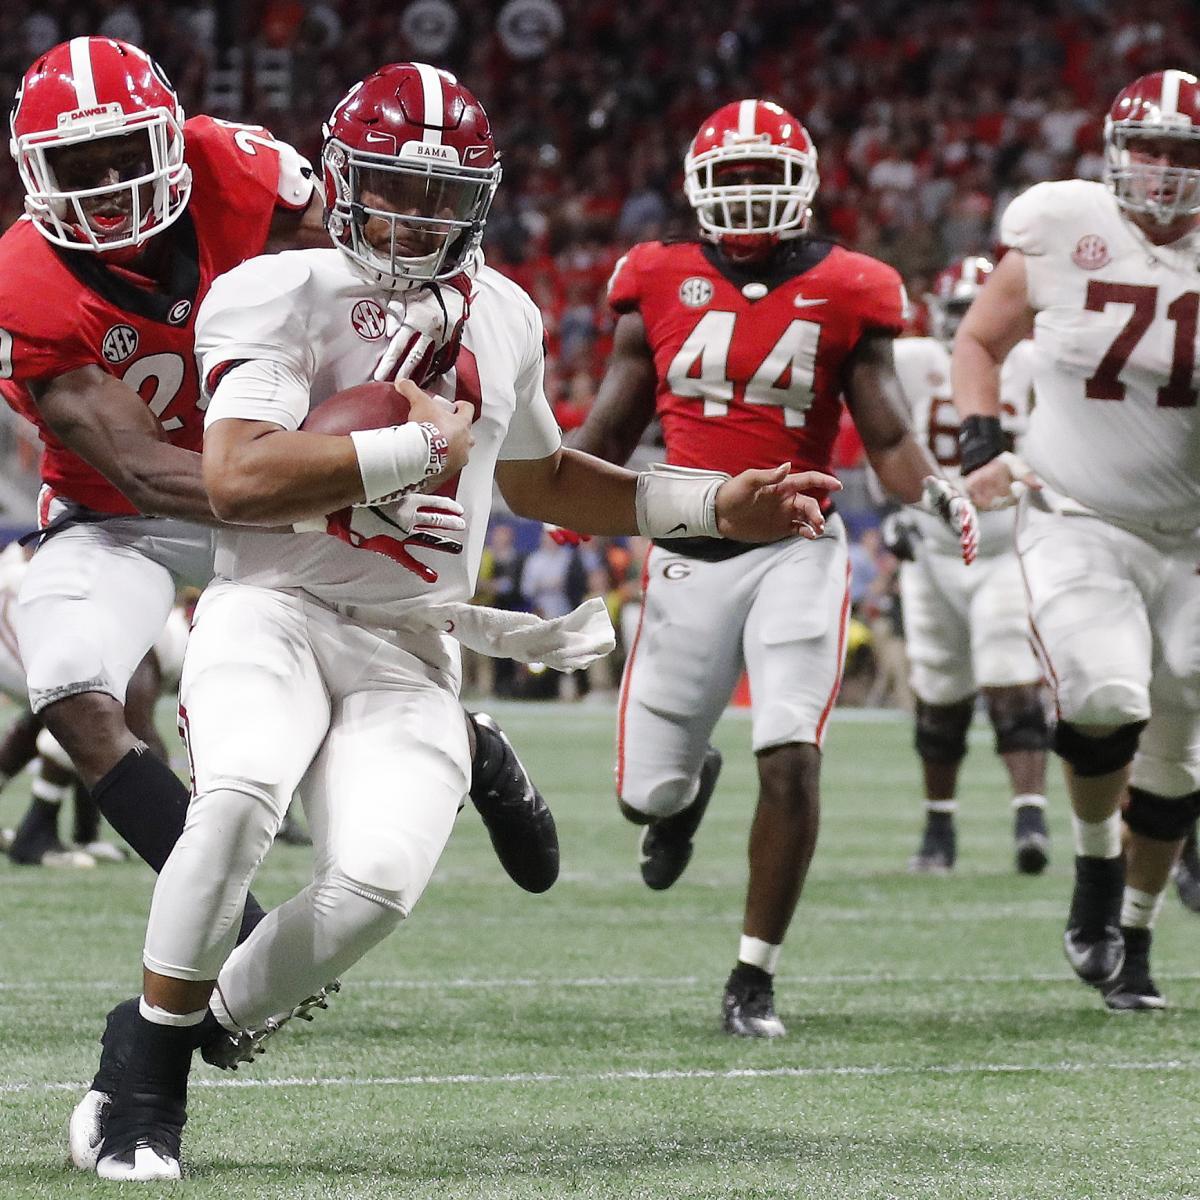 NCAA Football Rankings 2018: Week 15 Predictions Based On
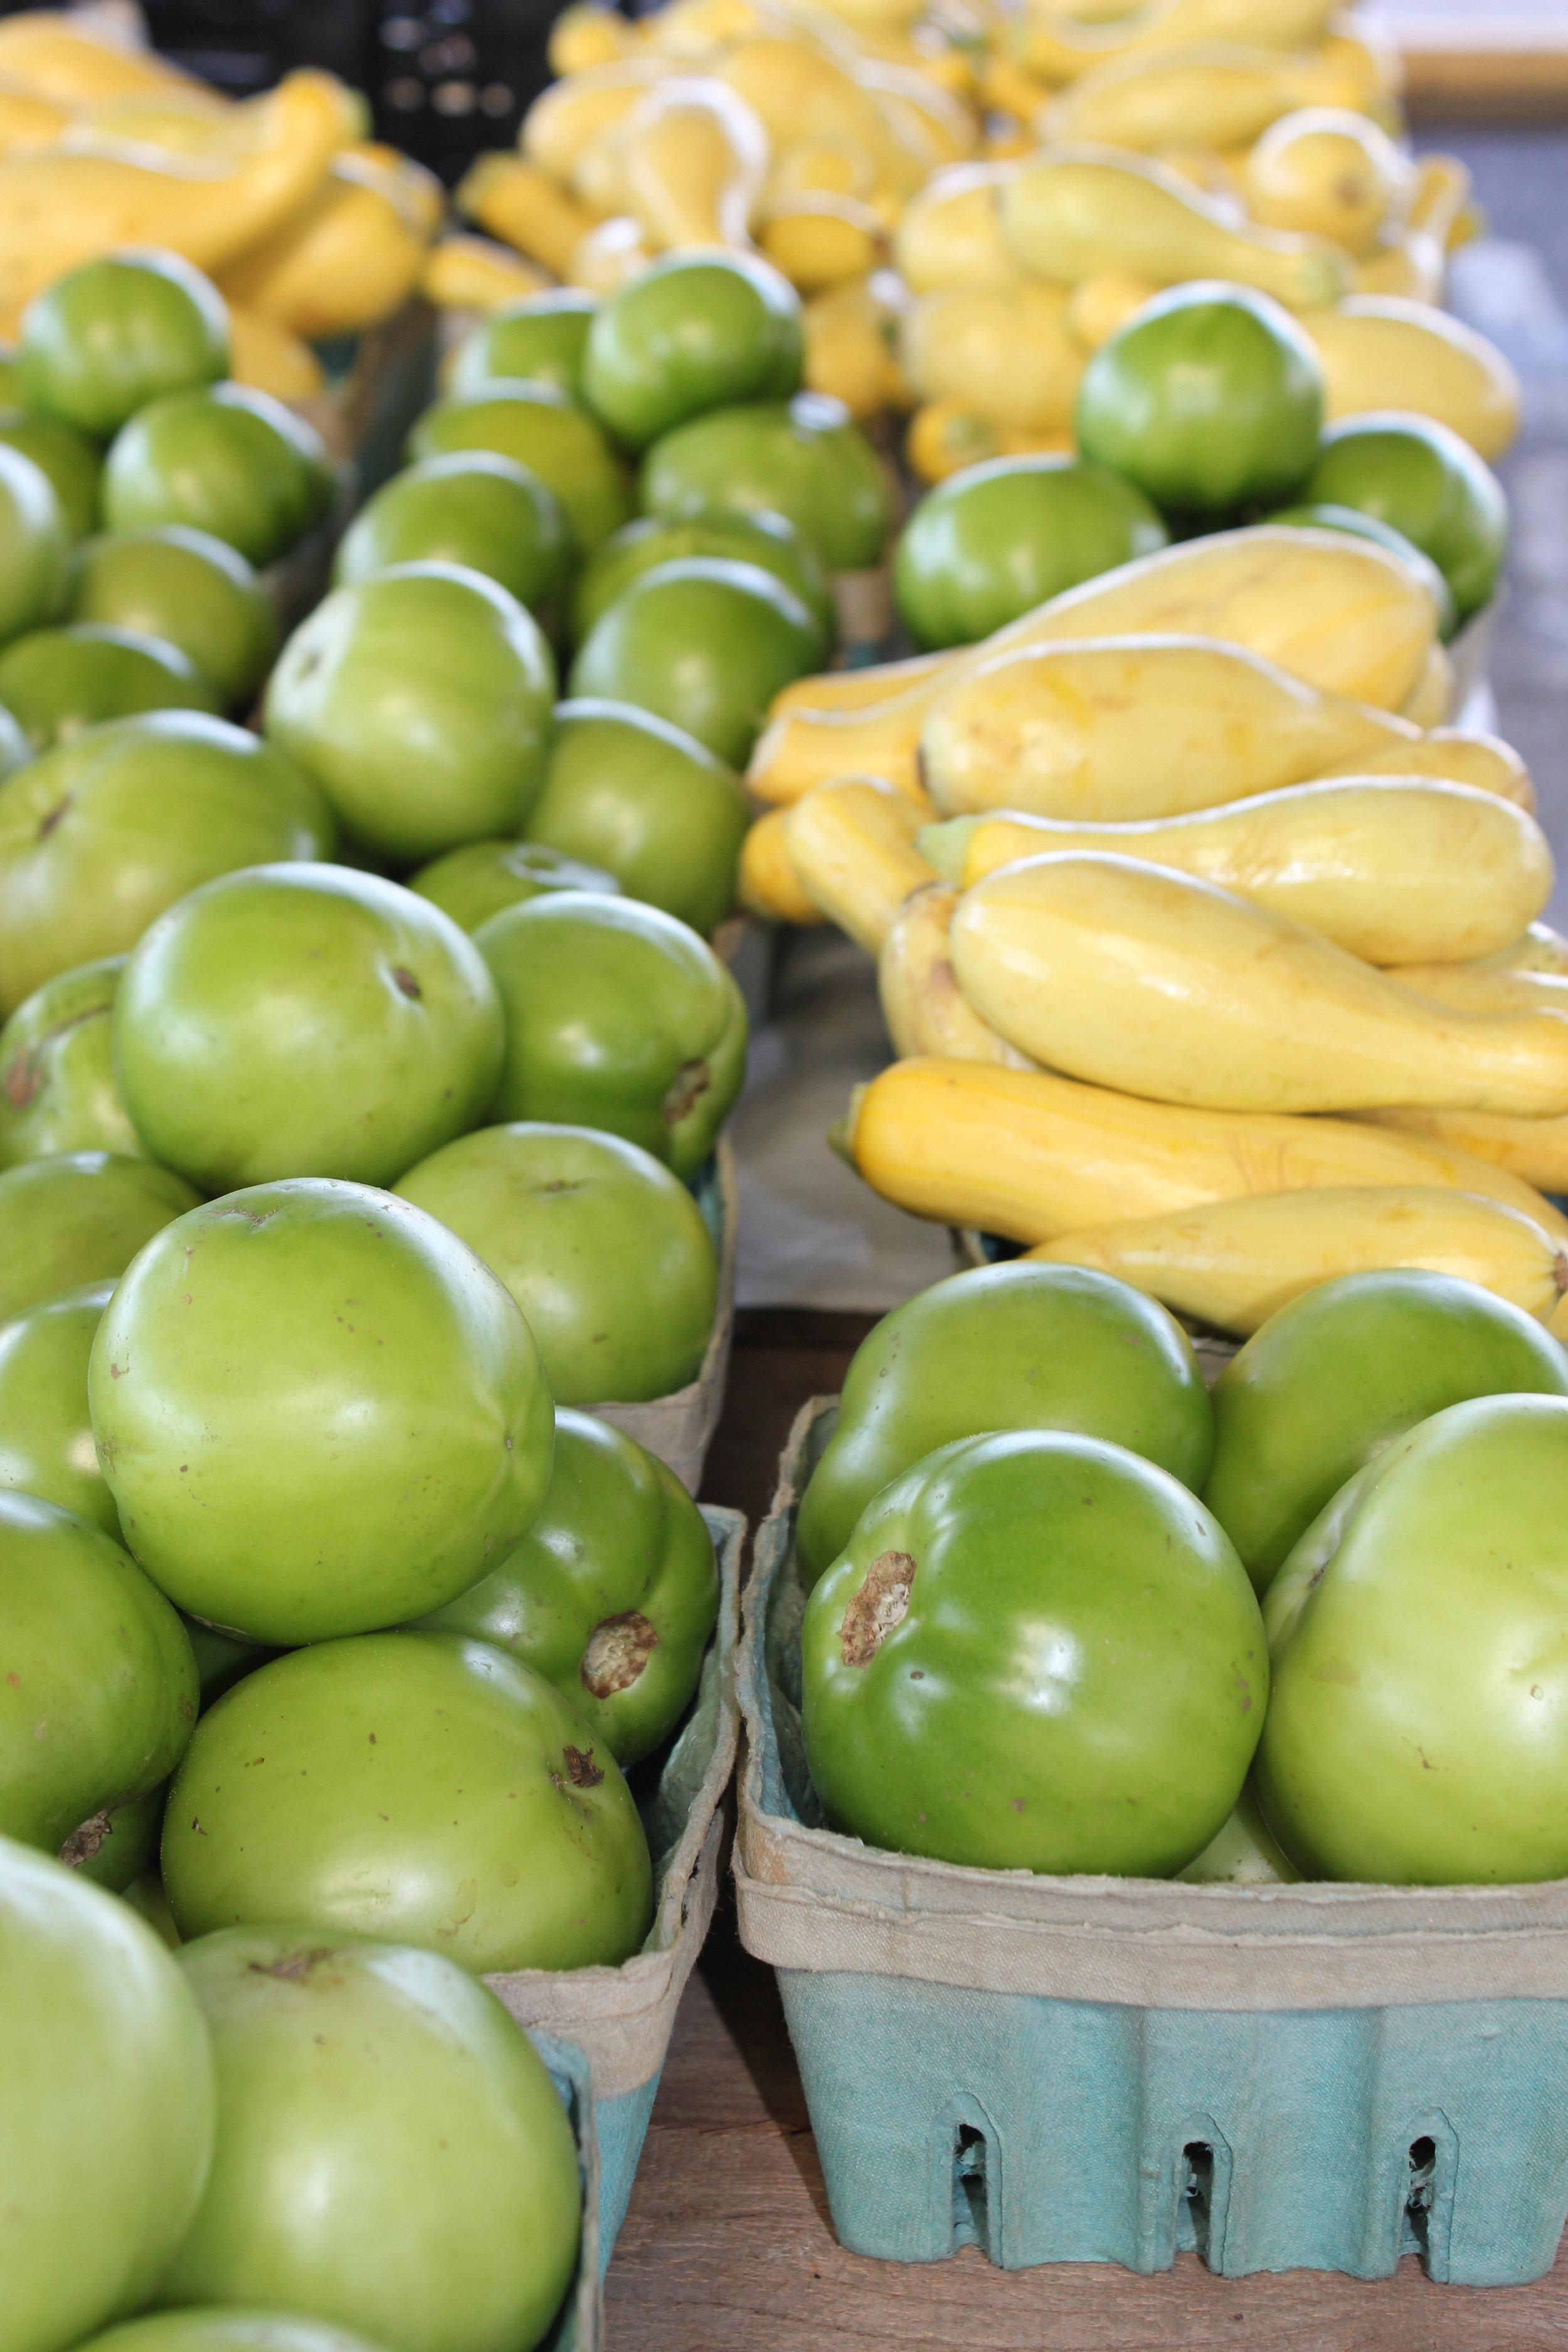 Produce at the Market.JPG
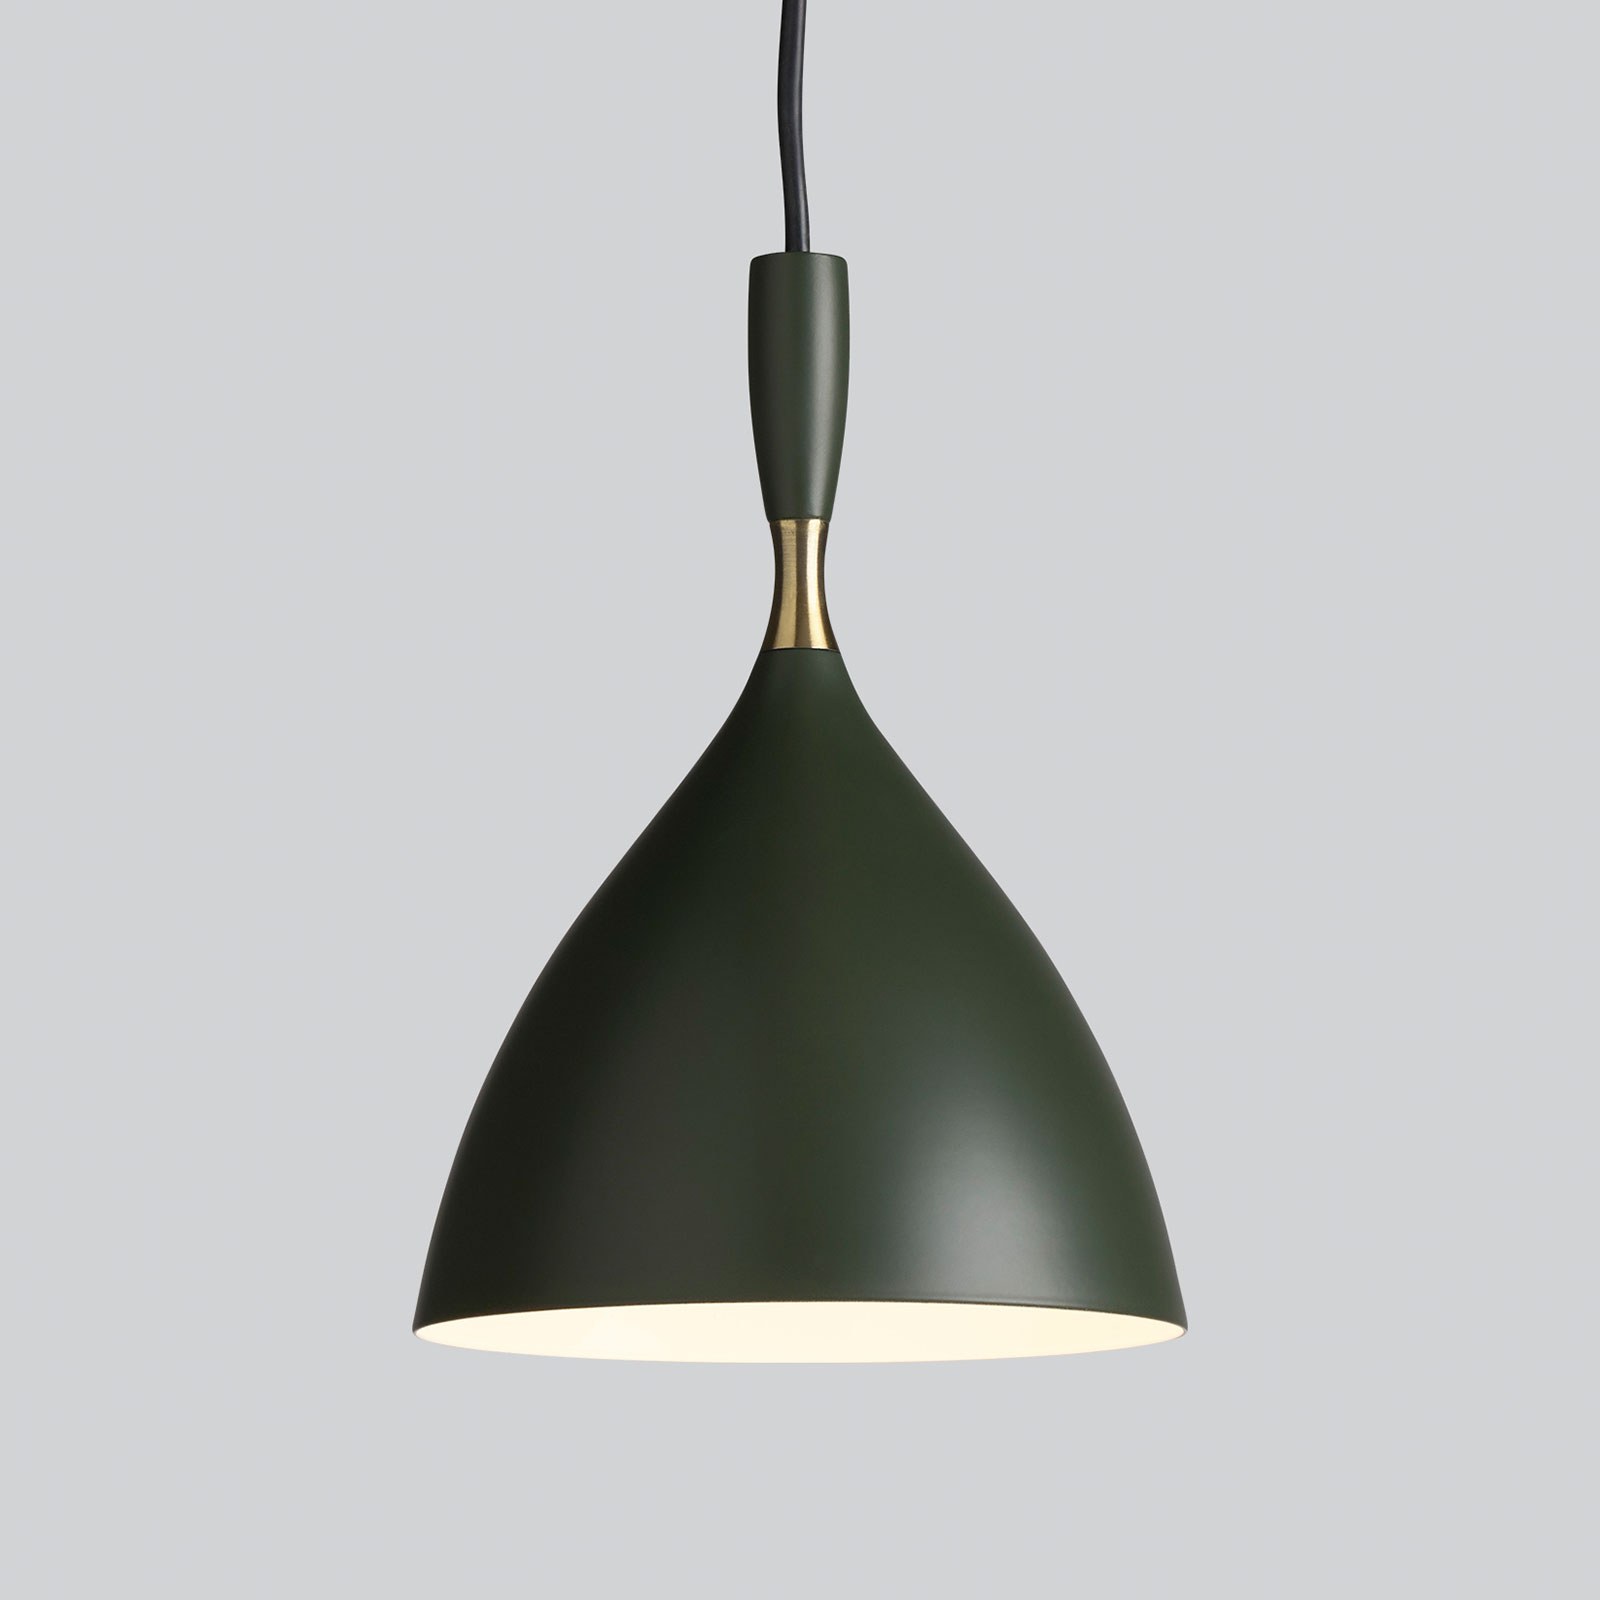 Northern lampa wisząca Dokka ciemnozielona
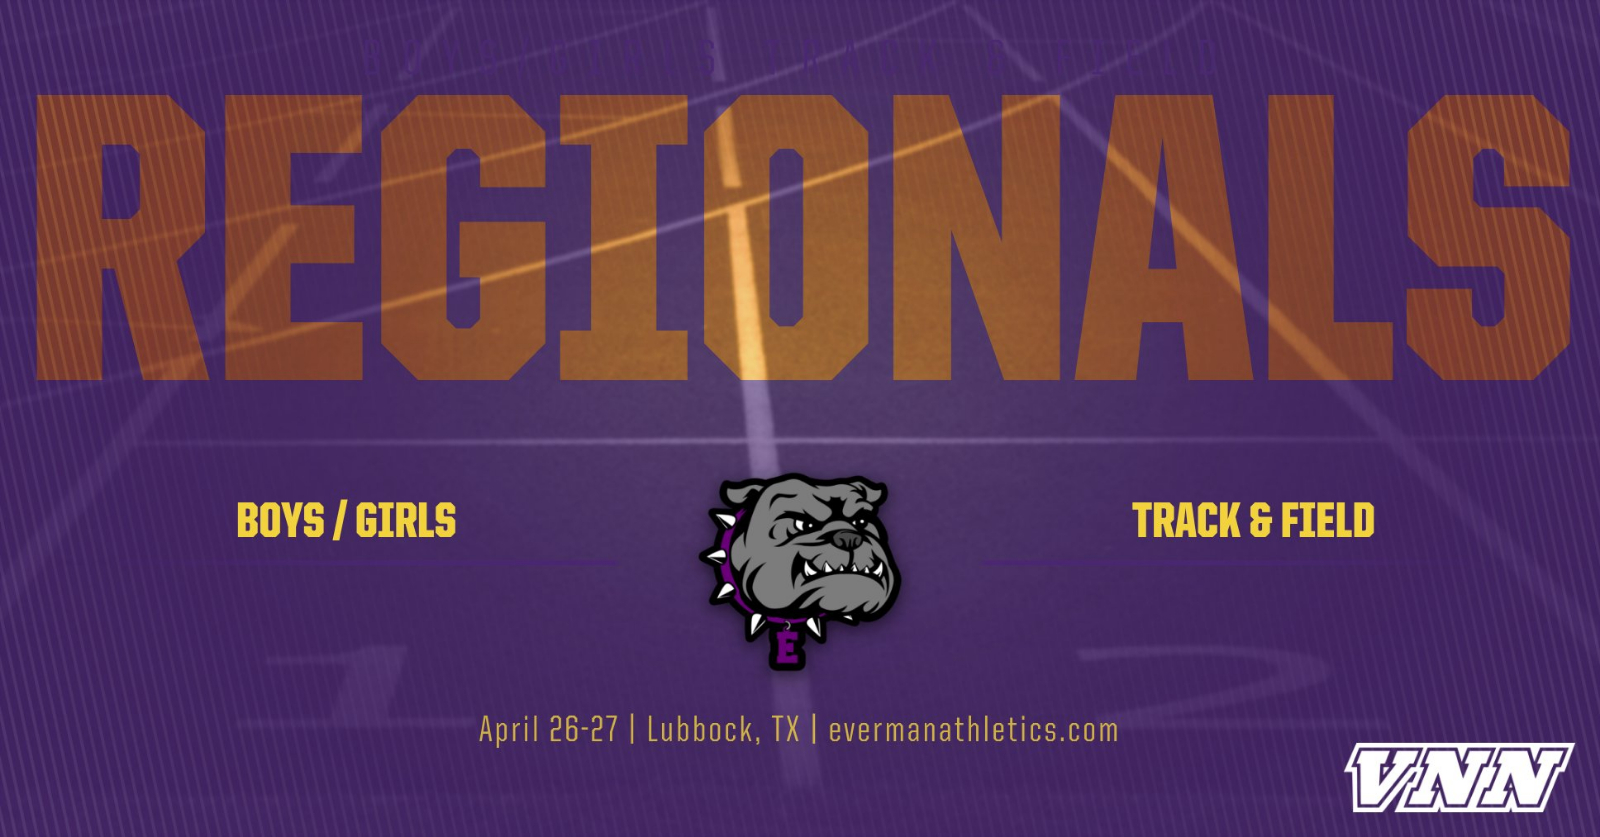 Regional Track & Field Schedule: April 26th & 27th (Lubbock)

### YOUR INSTRUCTIONS
Omit all pictures, and repeat exactly the lines from the line containing "Northern lampa wisząca Dokka ciemnozielona" through the end of the data.

### RESPONSE TO THE EXERCISE
 Northern lampa wisząca Dokka ciemnozielona
 Regional Track & Field Schedule: April 26th & 27th (Lubbock)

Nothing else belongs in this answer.